Goal of the exercise:
Print the data exactly as written, but leave out each picture.

Input data:
──────

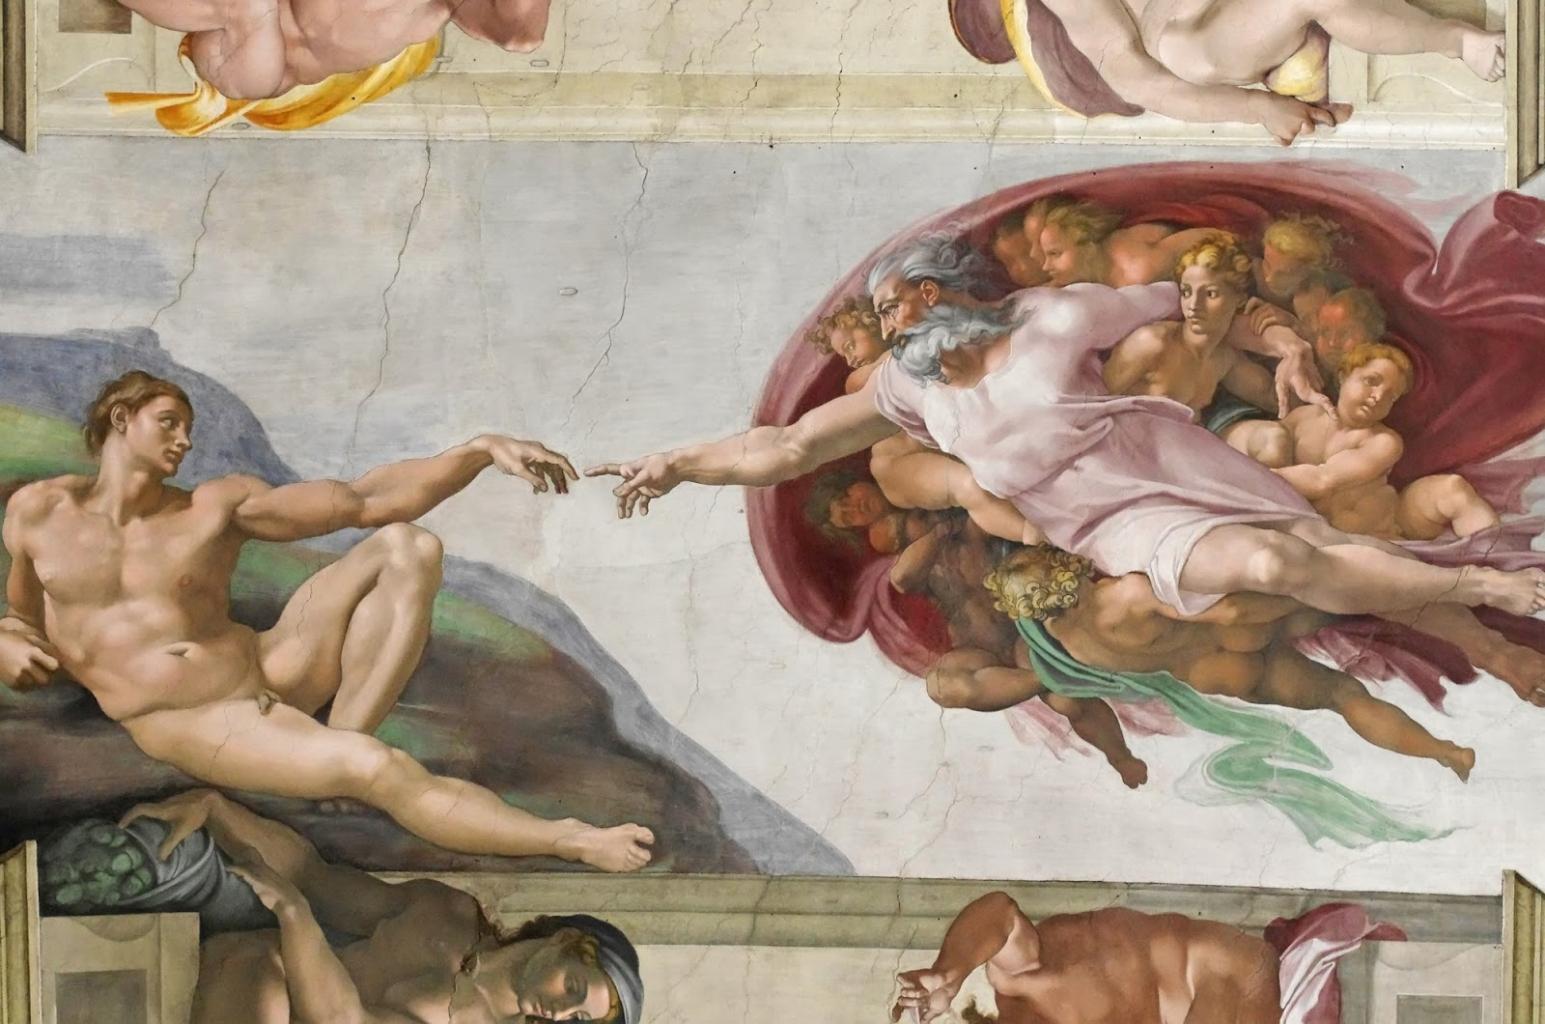 Az Ádám teremtése című freskóval Michelangelo jóval meghaladta a korát, hiszen pontosan ábrázolta az emberi agyat.
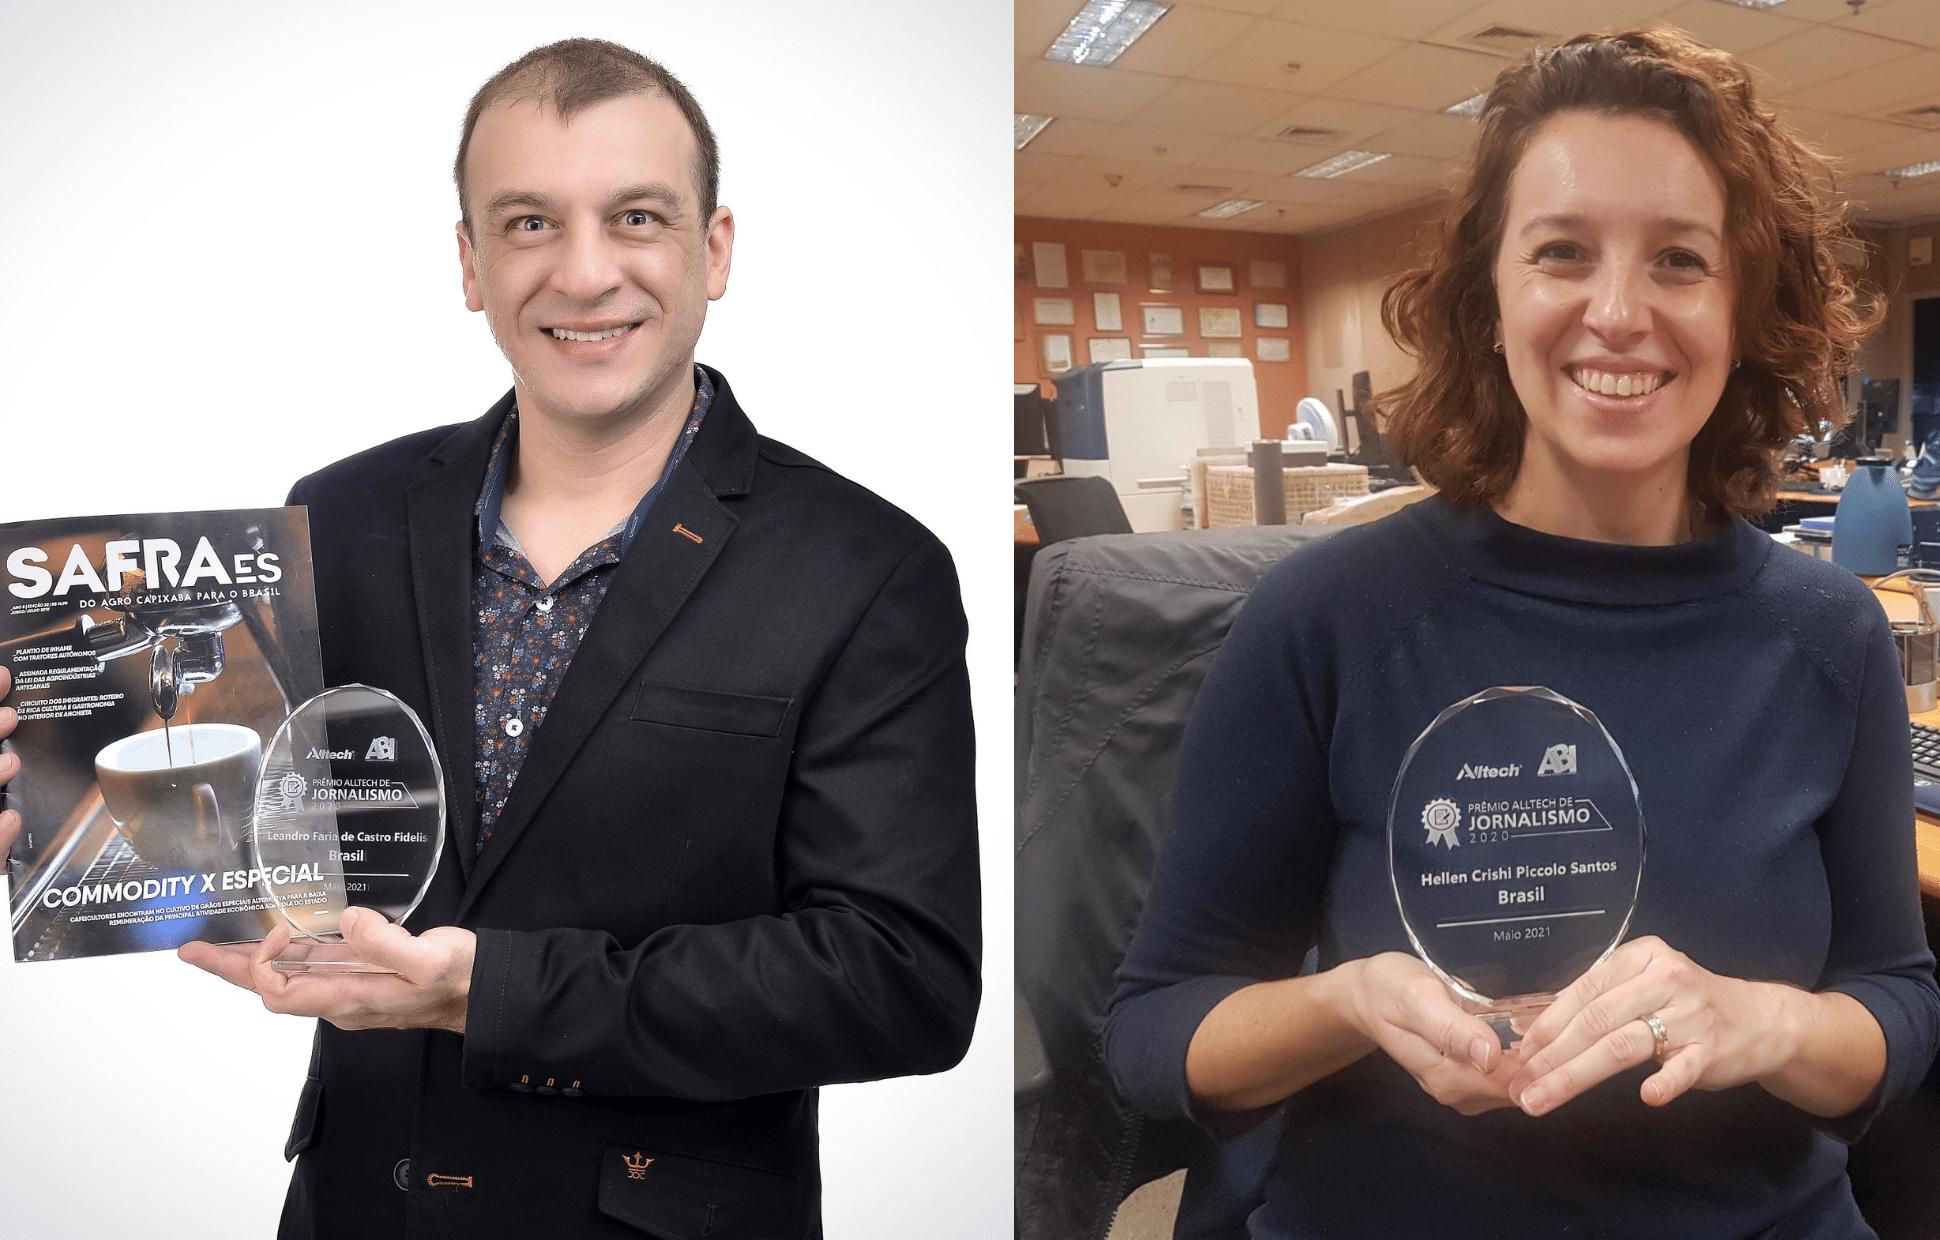 Prêmio Alltech de Jornalismo
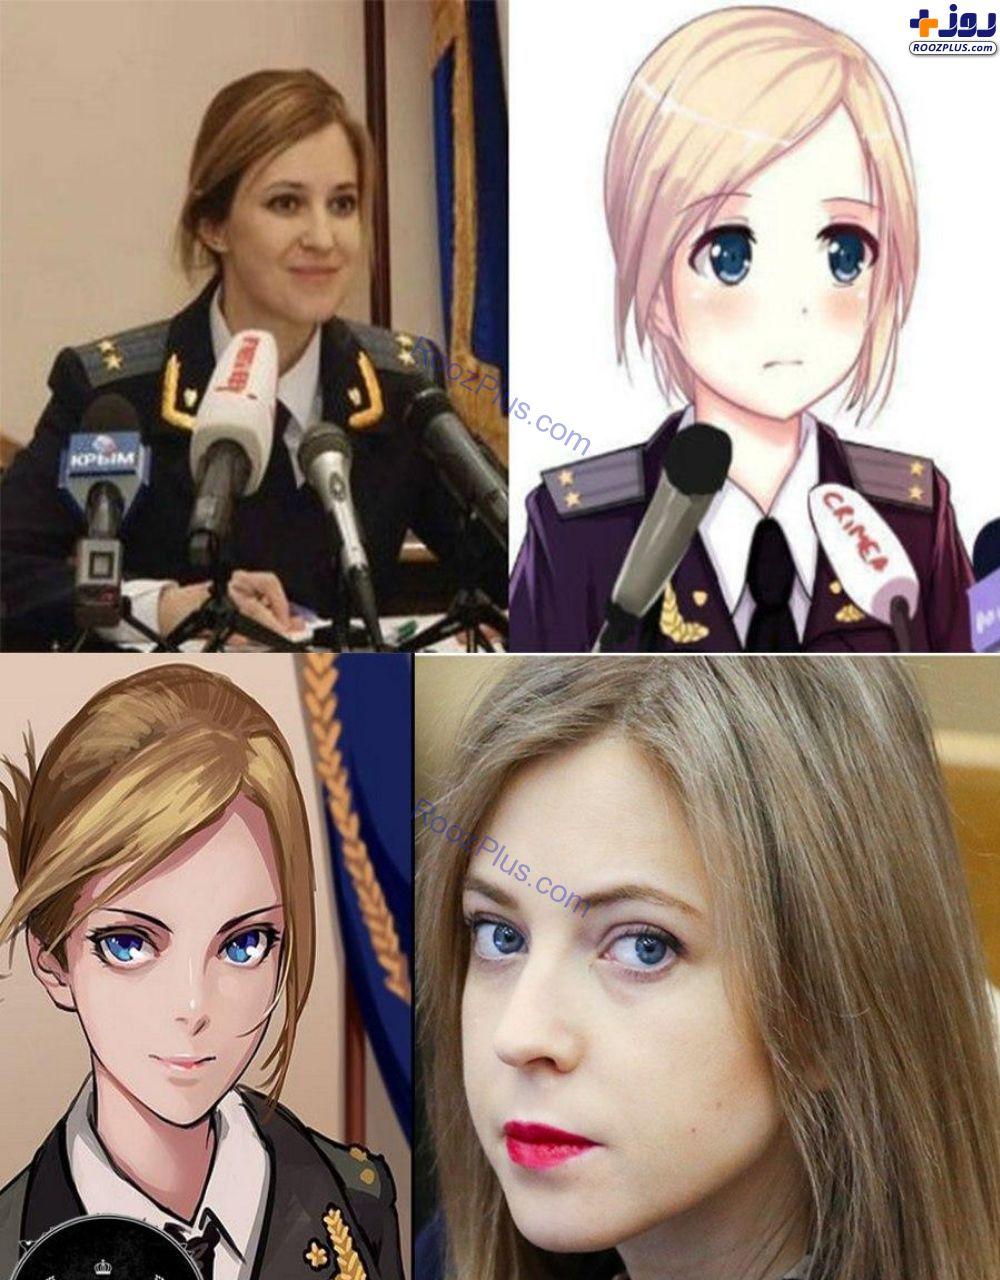 مجبوب ترین رئیس پلیس زن جهان (عکس)

──────

Solution for this task:
 Az Ádám teremtése című freskóval Michelangelo jóval meghaladta a korát, hiszen pontosan ábrázolta az emberi agyat.
 Prêmio Alltech de Jornalismo
 مجبوب ترین رئیس پلیس زن جهان (عکس)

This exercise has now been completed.